Positive definite matrix implies a generating set

Question

If the matrix $$\sum_{i=1}^my^i(y^i)^T$$ is positive definite, then the set $\{y^1,\dots,y^m\}\subseteq \mathbb R^n$ is a a generating set for $\mathbb R^n$

Does anyone know how I can prove that?

Answer 1

Let $U$ denote the span of $\{y^1,\dots,y^m\}$. Note that the orthogonal complement $U^\perp$ is the set $$ U^\perp = \{x \in \Bbb R^n : x^Ty^1 = x^Ty^2 = \cdots = x^Ty^m = 0\}. $$ So, suppose that $M = \sum_{i=1}^my^i(y^i)^T$ is positive definite.

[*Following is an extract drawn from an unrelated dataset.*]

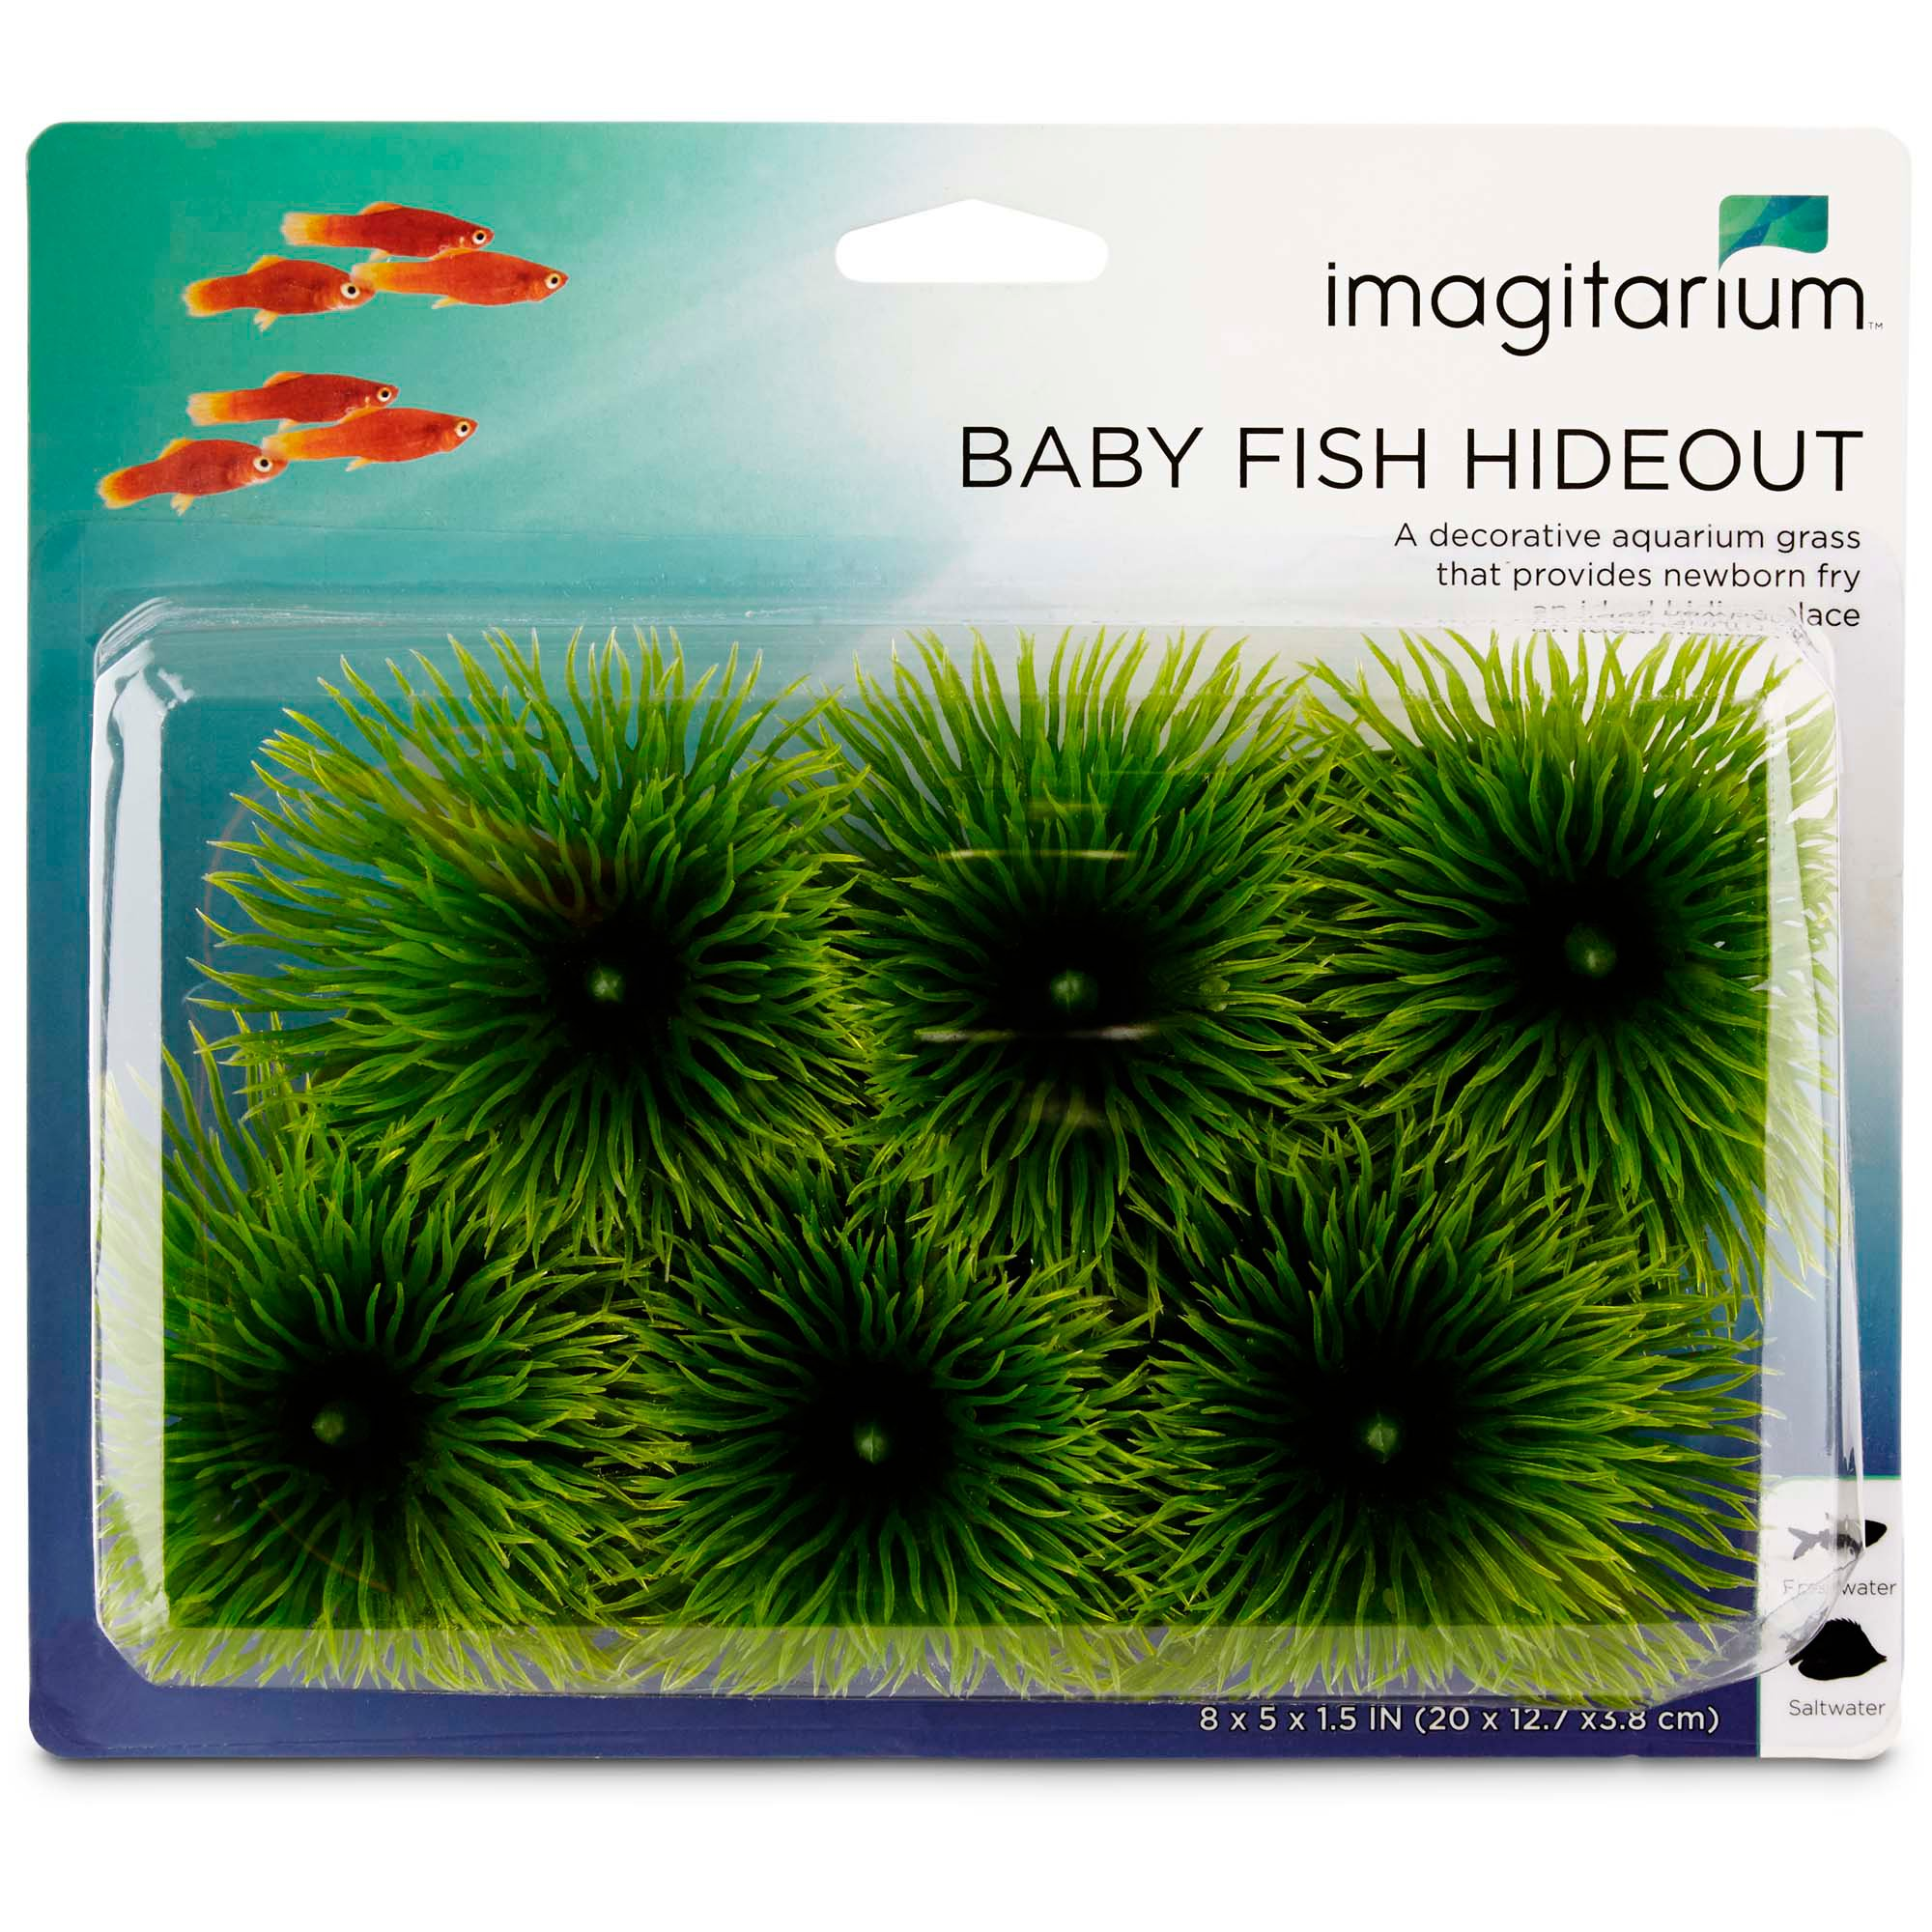 Imagitarium baby fish hideout petco for Petco tropical fish

It follows that for any non-zero $x \in \Bbb R^n$, we have $$ 0 < x^TMx = x^T\left(\sum_{i=1}^my^i(y^i)^T\right)x = \sum_{i=1}^m x^Ty^i(y^i)^Tx = \sum_{i=1}^m (x^Ty^i)^2. $$ In other words: for every $x \in \Bbb R^n$, we have $x^Ty^i \neq 0$ for some $i$ from $1$ to $m$. In other words, every non-zero $x \in \Bbb R^n$ is not an element of $U^\perp$. So, we have $U^\perp = \{0\}$, which means that $U = U^{\perp \perp} = \Bbb R^n$. So, the span of the vectors $y^1,\dots,y^m$ is $\Bbb R^n$, which is to say that these vectors form a generating set for $\Bbb R^n$ as desired.

Answer 2

The matrix is symmetric and thus has a basis consisting of eigenvectors. It is also positive semi-definite since $v^\top \left(\sum_{i=1}^m y^i (y^i)^\top \right) v = \sum_{i=1}^m (v^\top y^i)^2 \ge 0$ for all $v$.

Thus it is positive definite if and only if its nullspace is empty. One can check that the nullspace of this matrix consists of vectors that are orthogonal to each of the $y^i$. So if the matrix is positive definite, then the $y^i$ must span $\mathbb{R}^n$.